Their male friend doesn't get a magic flower, but he does beat the rapist teachers with a pipe and cut off both of their dicks, before himself being stabbed through the neck with an umbrella.
Mizuki's parents have an odd session of kinky sex in a giant pile of trash.
Her classmates and teacher break out into sex and fights and dancing. One of them is anally raped with a mop and explodes blood in all directions, dying.
One of them has her eyeball squeezed out.
Flower Mizuki looks very bored as she watches all of this, starts slicing people with knives, and finally smiles.
Kirie is watching through her flower, and thanks Mizuki. Maybe the flower is a portal to the world of the dead? I dunno. Maybe they're both alive. In either case, they both have flowers on their head and seem happy.
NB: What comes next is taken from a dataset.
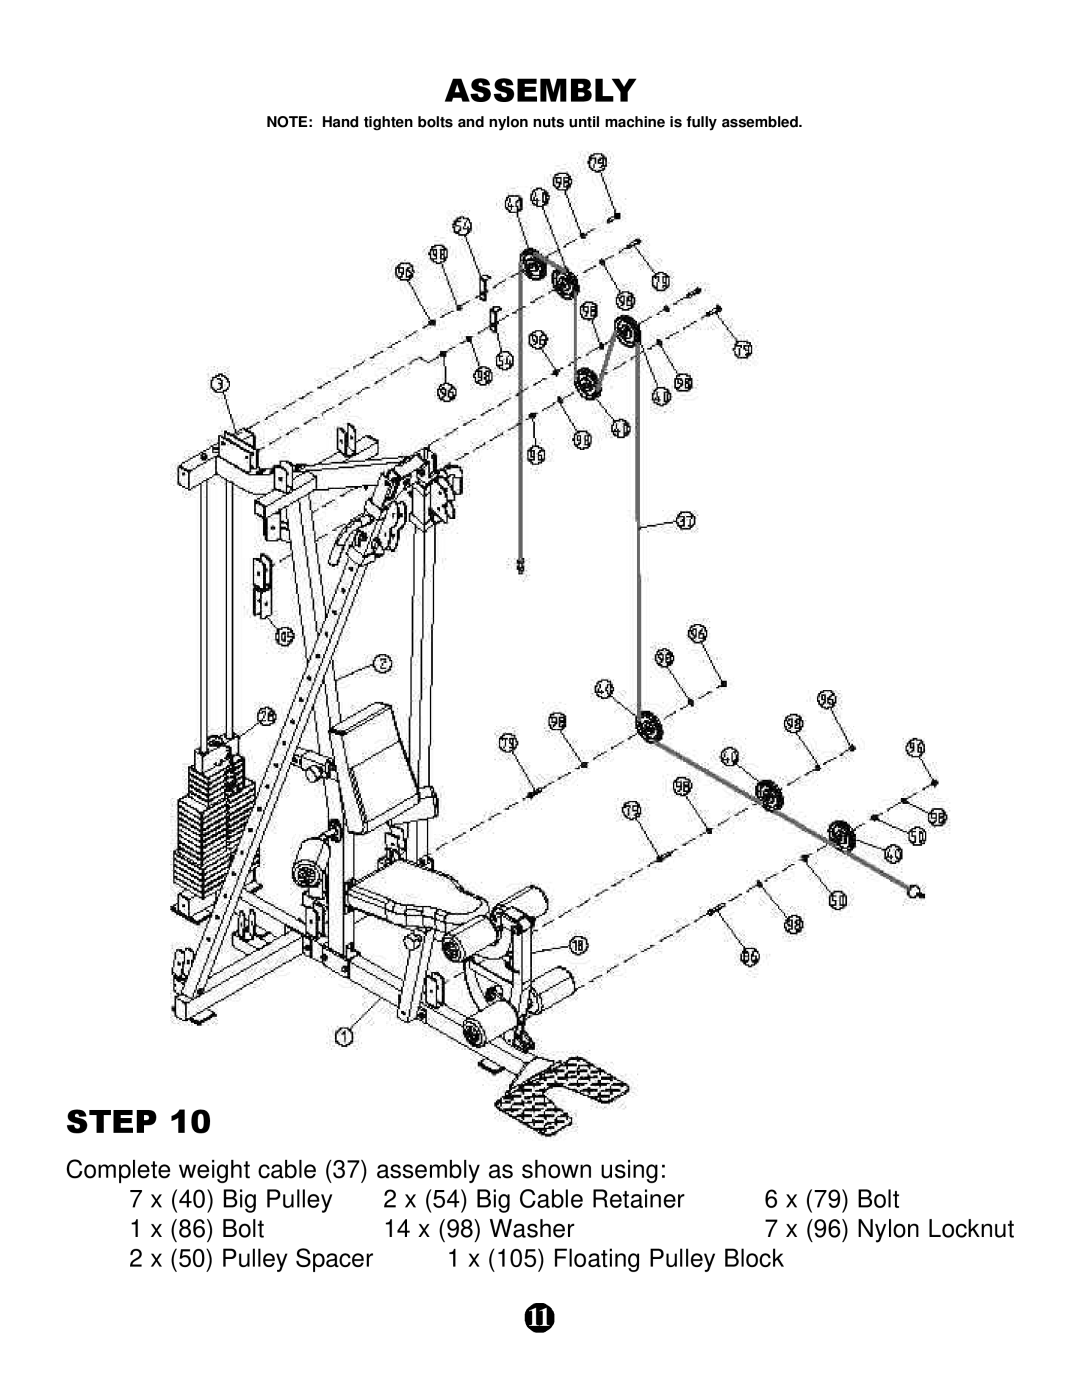 Keys Fitness KPS-CG owner manual Assembly, Step, Complete weight cable 37 assembly as shown using

The brain from the first cut never came back. Did that become the flower, or what? Was that her skull opening for the flower to grow in? Does the flower represent the concept of retaliatory violence, a seed planted inside her brain during her first trauma of forced abortion, and watered by her current bullies until it sprouted and blossomed? I guess I'll never know, but there was literally a scene where they watered her head, so I'm thinking yes to all of that.
It seems like they had a good idea for some Little Shop of Horrors imagery interspersed with some grotesque sex and violence, and the last twenty minutes are indeed entirely enjoyable, but the traditional story leading up to it was thoroughly disappointing. I recommend just skipping ahead to where the flower comes in and watching it as a short film.